Me. VERGAUWEN : Je vous remercie, Monsieur le président. J’aurais voulu formuler quelques observations au sujet des questions et plus précisément concernant l’omission d’agir.

Vous avez, Mesdames et Messieurs les jurés, à partir de la 19ème question, les questions qui concernent les sœurs, Monsieur le président, vous l’a rappelé, on vise l’omission d’agir, notamment action ou omission avec l’intention criminelle, c’est ce que Monsieur le président vous a rappelé, il faut que celui qui omet d’agir ait l’intention de tuer. Ca, c’est le premier type d’omission. Deuxième type d’omission, à partir des questions 36 et suivantes, il s’agit là d’une omission et je voudrais que les choses soient bien claires, d’une omission bien spécifique d’une lâcheté, bien spécifique c’est à dire non-assistance à personne en danger bien spécifique, et cela ressort des termes mêmes de la question, puisque l’on parle de quelqu’un qui avait connaissance d’un crime, et qui avait la possibilité de l’empêcher, empêcher la consommation du crime, ou d’y mettre fin.

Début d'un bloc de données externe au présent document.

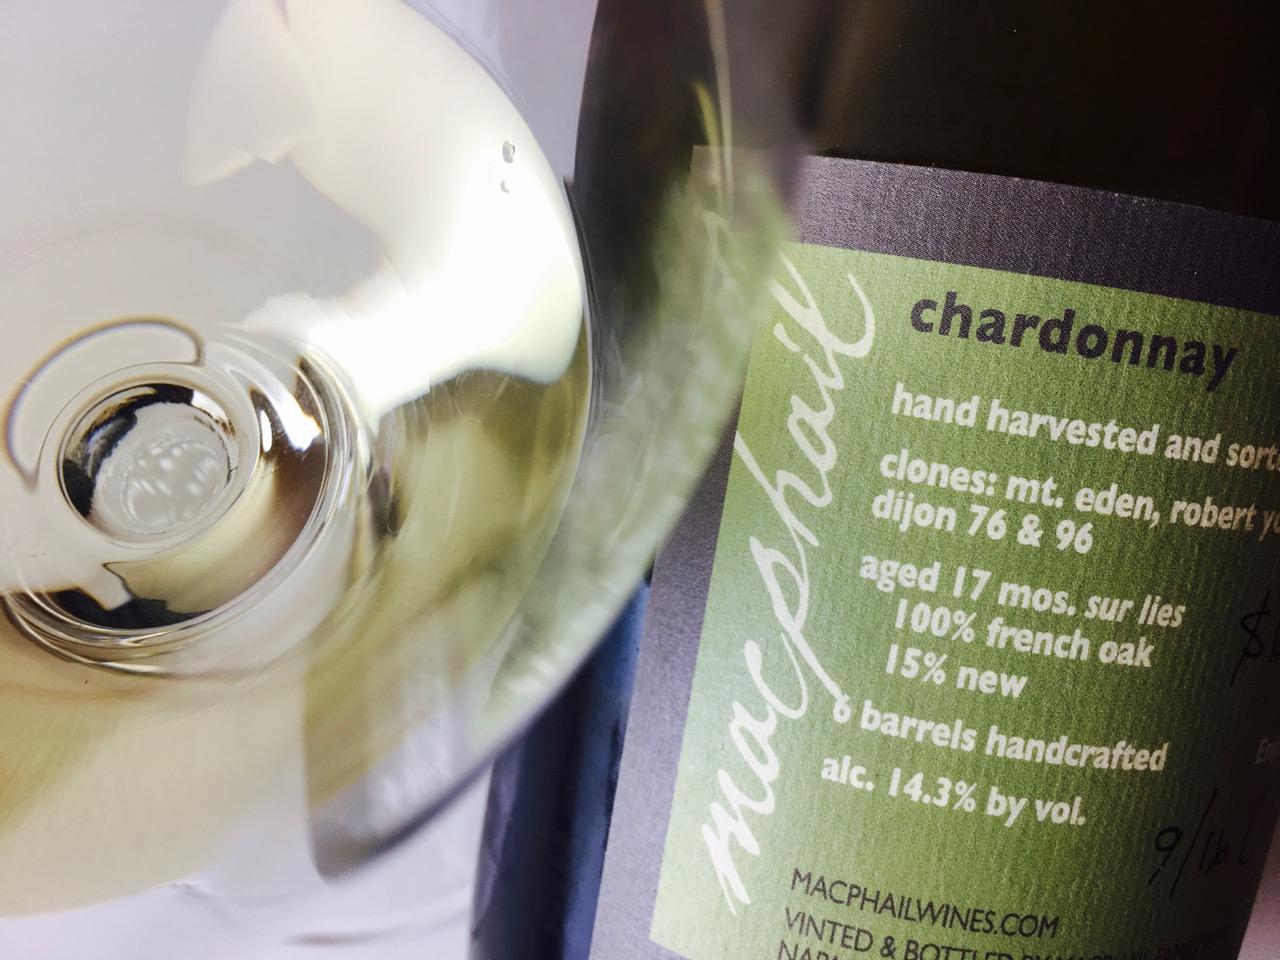 2014 Macphail Family Wines Chardonnay Vagon Blanc Sonoma Coast

Et, c’est pour ça que j’ai demandé qu’on vous remette la pièce, parce que c’est une question effectivement juridique et vous êtes là pour appliquer la loi pénale, et j’avais fait référence dans ma plaidoirie aux travaux préparatoires de la loi, et effectivement Monsieur le président, vous avez parfaitement raison de dire que le texte ne parle pas du supérieur hiérarchique, mais ce que l’on vise, c’est la personne qui a un pouvoir d’empêcher, donc un certain pouvoir de commandement, et je vous fais référence simplement à ce qui figure page 1857, donc à la deuxième page sur la droite, j’ai souligné d’ailleurs, j’ai souligne le paragraphe. On dit ceci : « L’exemple auquel on pense d’abord est celui du supérieur qui laisse ses subordonnés commettre un crime de guerre sans prendre de mesures pour les en empêcher. Il peut toutefois, y avoir des situations dans lesquelles celui qui commande n’est pas nécessairement un supérieur. Par exemple, lorsque les officiers sont indisponibles ou sont tombés au combat. Le représentant du ministre estime qu’il est préférable de ne pas mentionner expressément le supérieur hiérarchique dans le texte qui définit les éléments constitutifs de l’infraction. De cette manière, le juge - et le juge c’est vous -, pourra apprécier dans chaque cas concret si quelqu’un aurait eu ou non la possibilité d’empêcher l’infraction dans la position qu’il occupait dans les structures de l’armée ». C’est bien à ça qu’on pensait lorsqu’on a édité cette loi.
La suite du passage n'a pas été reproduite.